Creamy Vegan Garlic Alfredo Pasta: An Easy Weeknight Indulgence
Indulge in the luscious taste of a classic Italian dish, reimagined for the modern vegan kitchen. This vegan garlic Alfredo pasta is a truly creamy, cheesy, and satisfying weeknight dinner that will delight any pasta lover. Crafted to perfection, it offers an absolutely decadent experience without the use of heavy cream, relying instead on a rich and velvety cashew-based sauce. Get ready to elevate your plant-based meals with this effortlessly elegant and incredibly flavorful dish.

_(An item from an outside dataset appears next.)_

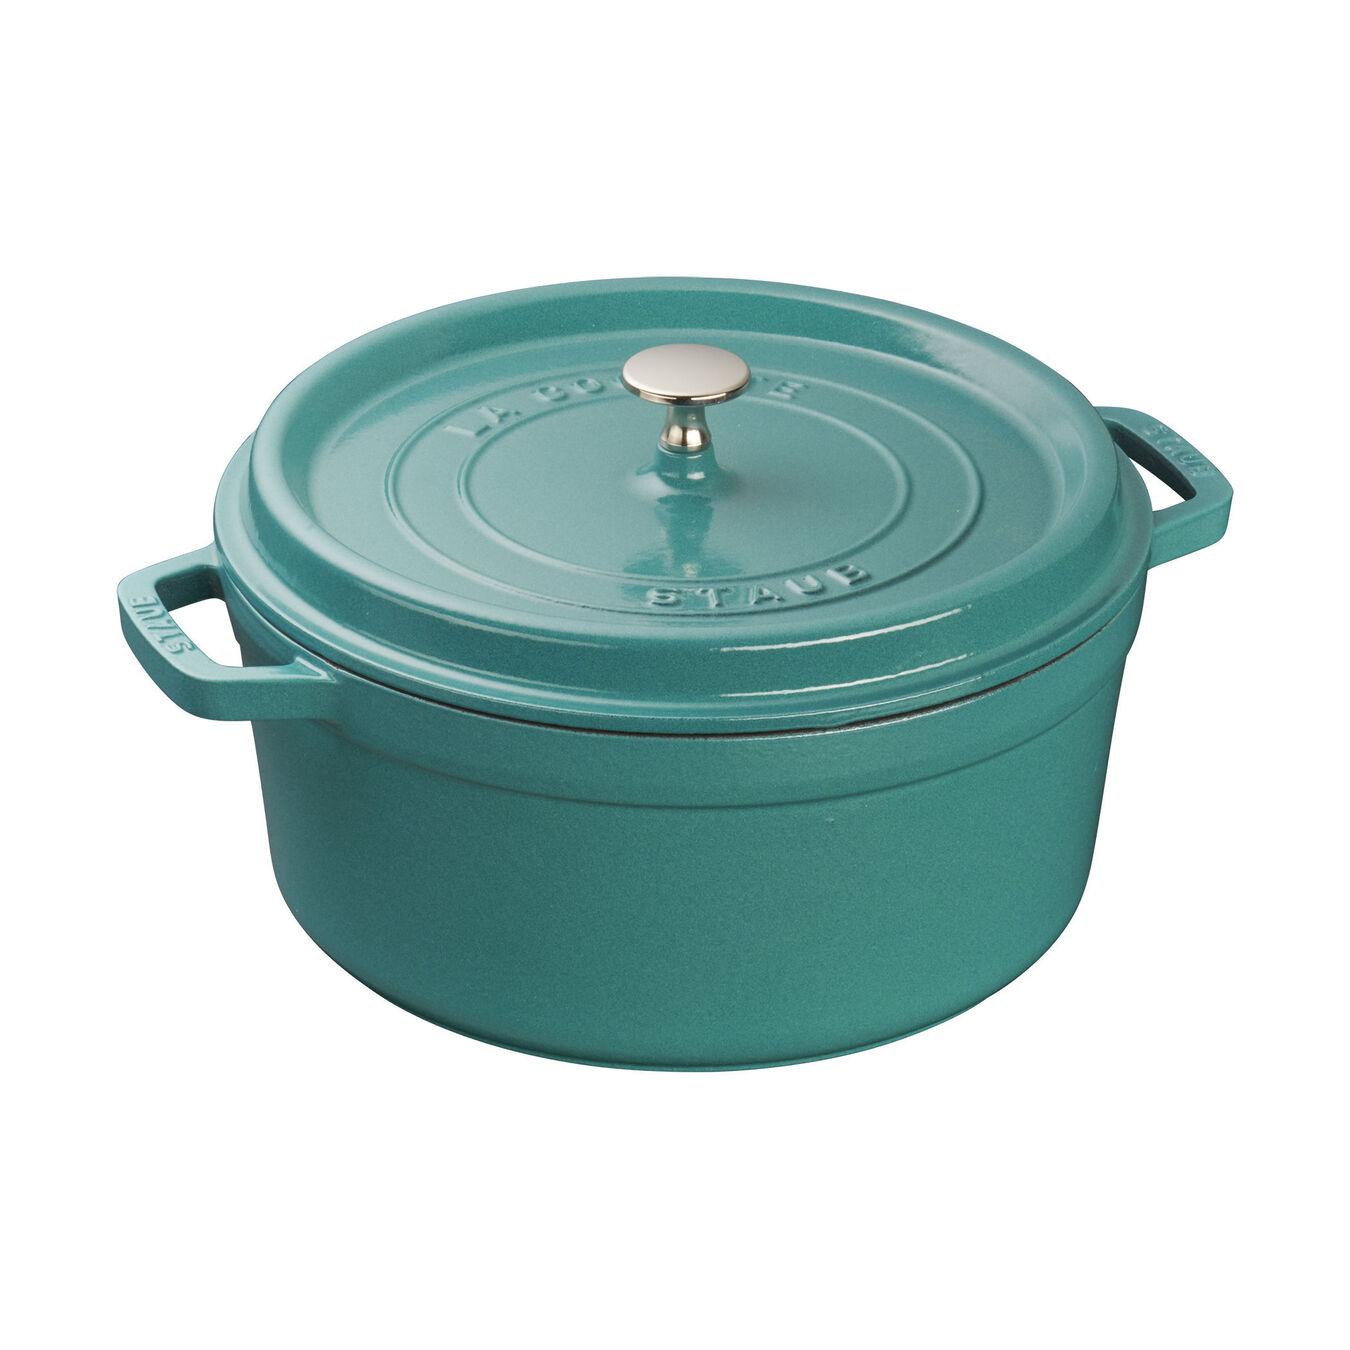 5.5-qt Round Cocotte - Turquoise,,large 1
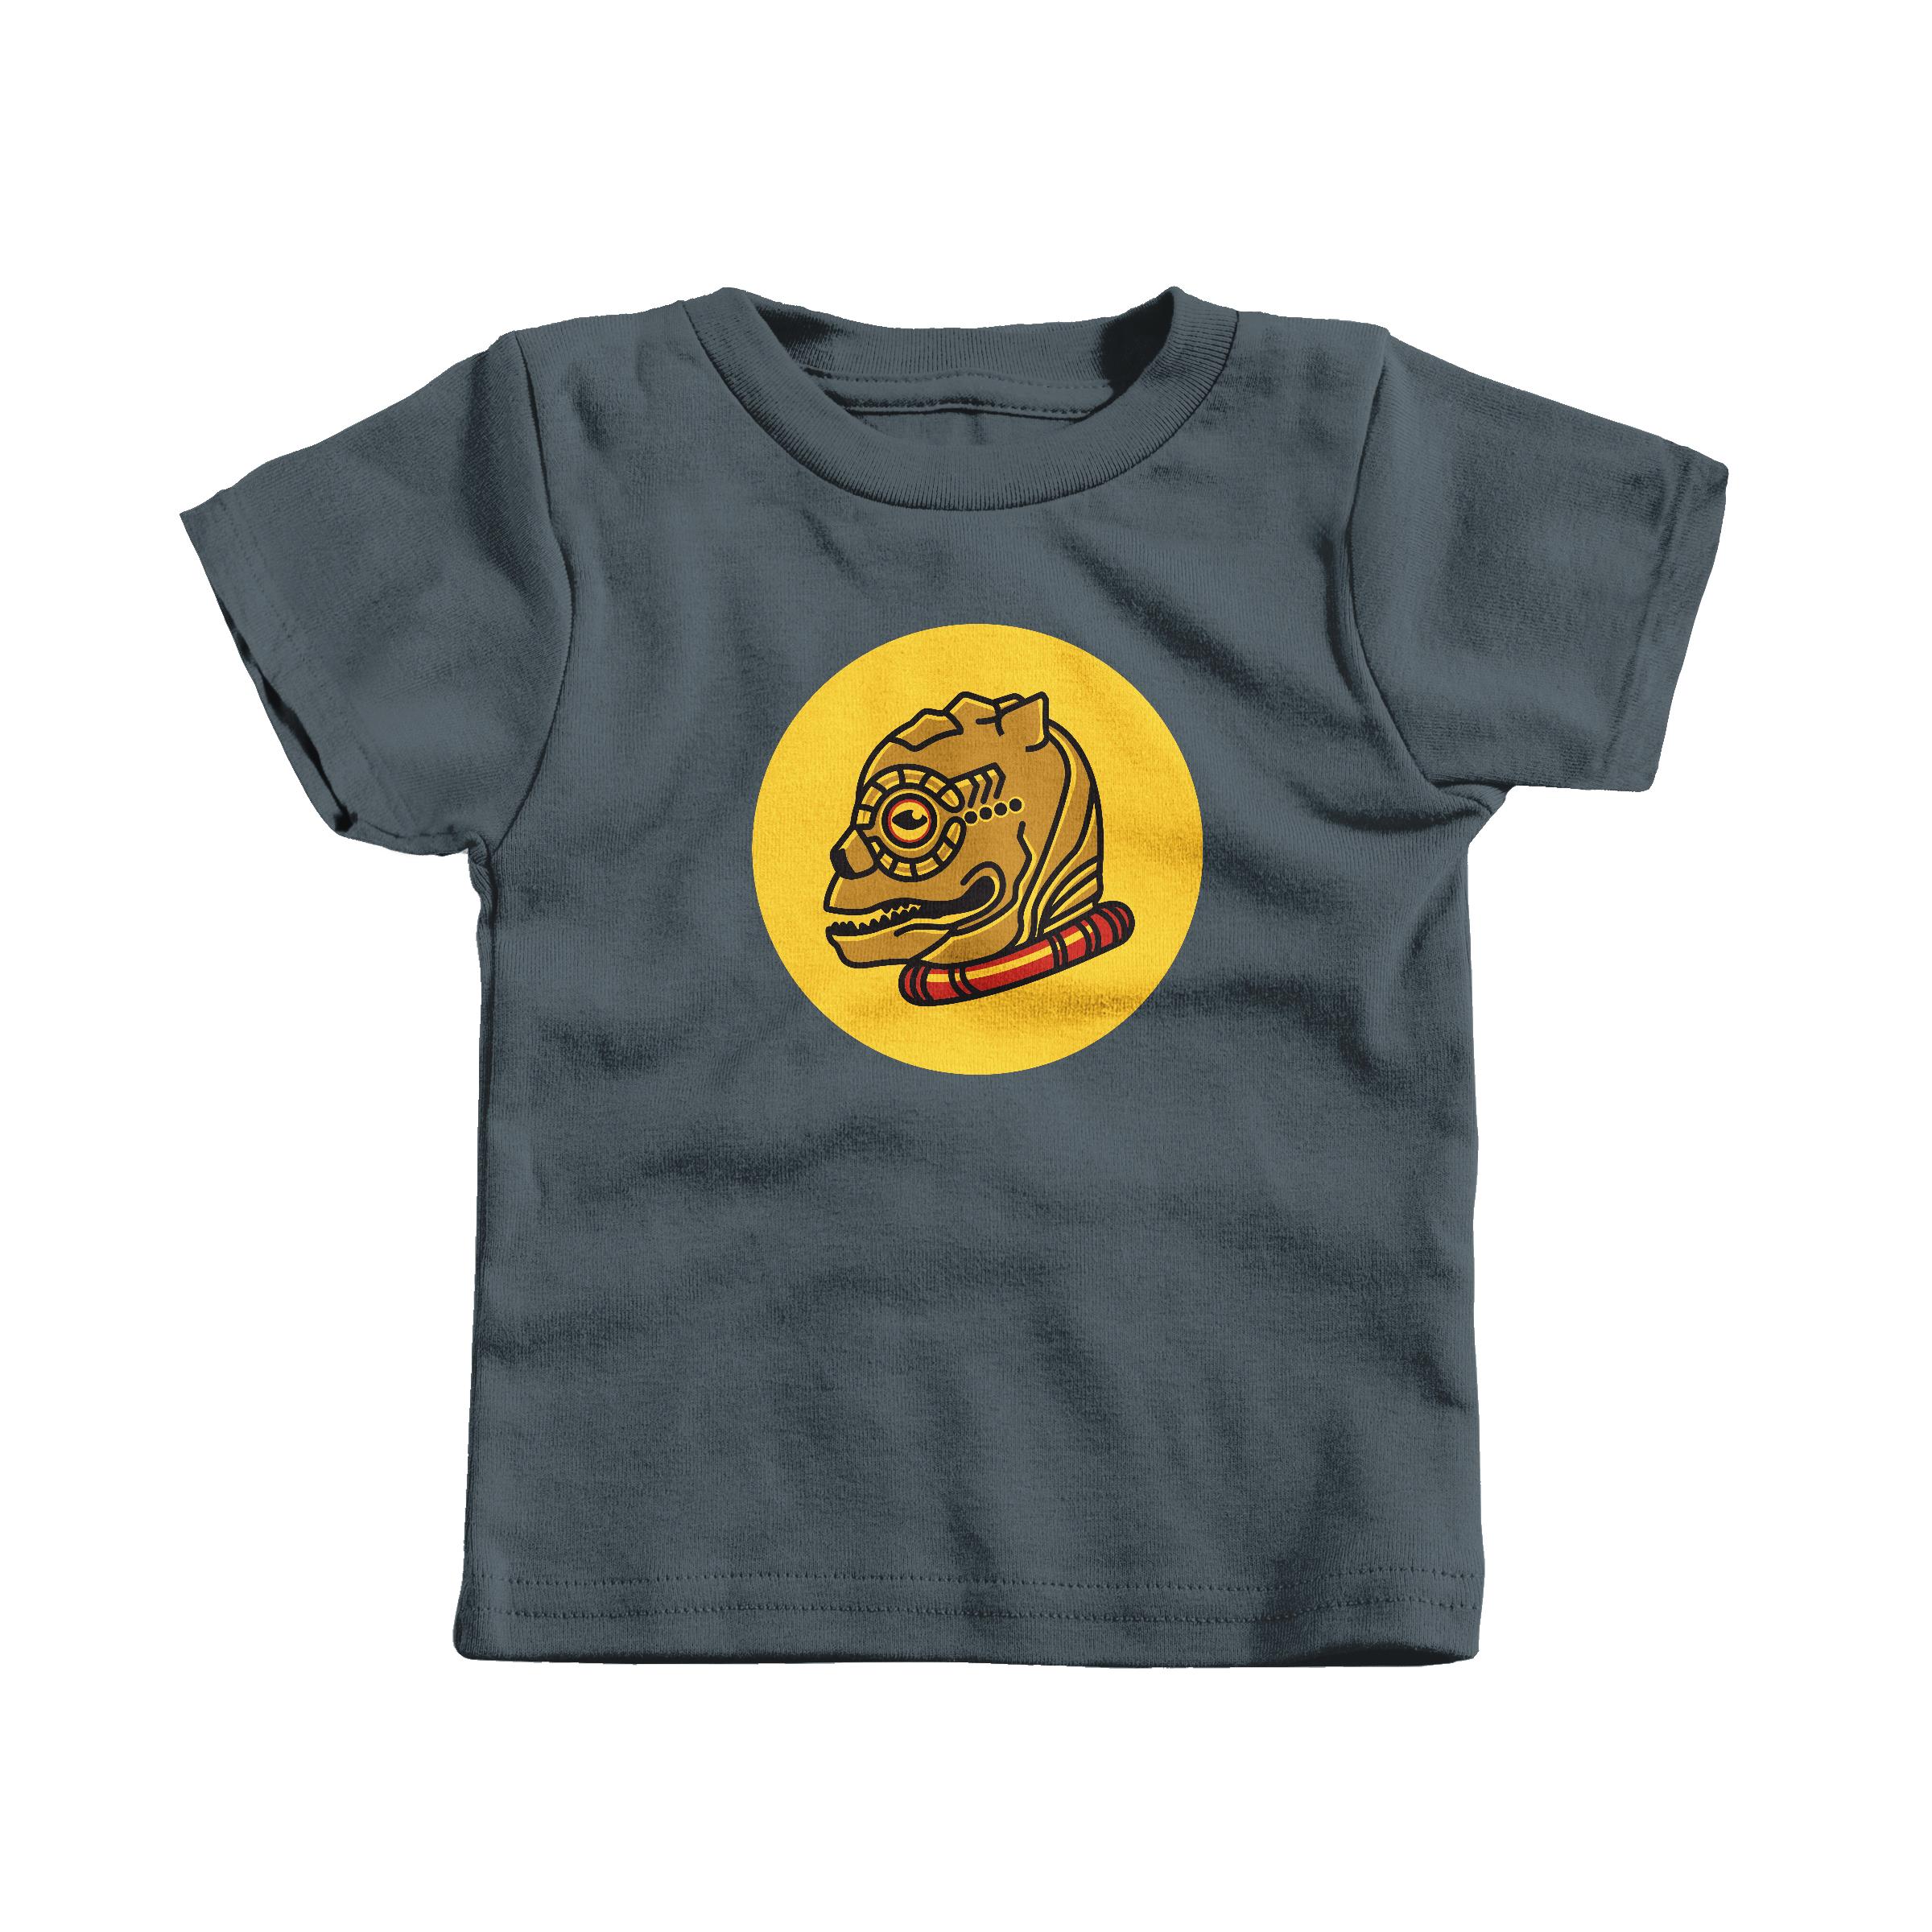 Bossk Charcoal (T-Shirt)

Prepare to fall head over heels for this vegan garlic Alfredo pasta. We’re talking about a dish that’s so cheesy, so creamy, and utterly indulgent, it genuinely tastes like it came straight from a reputable Italian trattoria. The secret to its incredible richness lies in incorporating properly soaked cashews into the sauce. This not only gives it a beautiful, traditional Alfredo sauce color but also creates a luxurious texture that’s satisfyingly rich without feeling heavy or overwhelming. A generous sprinkle of Vegan Parmesan Cheese and a touch of fresh parsley for garnish are highly recommended. Trust us, you’ll want to absolutely dive into this pasta, just as enthusiastically as you would into our delightful Miso Butter Pasta!
Why This Vegan Garlic Alfredo Pasta is a Must-Try
This remarkable recipe effortlessly bridges the gap between comforting home-cooked food and an elegant, fancy date-night meal. Here’s why this creamy vegan garlic Alfredo pasta should be at the top of your cooking list, pronto!
- Unbelievably Creamy and Rich Texture. When it comes to Alfredo sauce, creaminess and richness are non-negotiable, and this vegan version delivers on all fronts! Going dairy-free doesn’t mean compromising on taste or the luxurious mouthfeel you crave. Our innovative cashew cream sauce achieves that classic velvety texture, leaving you feeling utterly satisfied and deeply nourished, but never heavy or weighed down. It’s a testament to how plant-based ingredients can replicate, and even enhance, traditional flavors.
- Effortless and Easy to Prepare. Pasta dishes are renowned for being some of the most straightforward and quick dinners to whip up, and this recipe is no exception. While there are a couple of hands-off steps, like roasting the garlic and soaking the cashews, both can be done well in advance. This makes the active cooking time surprisingly short, perfect for busy weeknights when you need a delicious meal on the table without a fuss. We’ll show you how to streamline the process for maximum efficiency.
- Highly Versatile Serving Options. This vegan garlic Alfredo pasta serves as a fantastic base for countless culinary explorations. Feeling like adding more nutrition? Stir in your favorite vegan protein source, such as pan-seared tofu, tempeh, or plant-based chicken strips. Craving extra veggies? Incorporate steamed broccoli, sautéed mushrooms, or vibrant spinach for a complete and wholesome meal. The possibilities are endless, allowing you to truly customize this dish to your taste and dietary needs.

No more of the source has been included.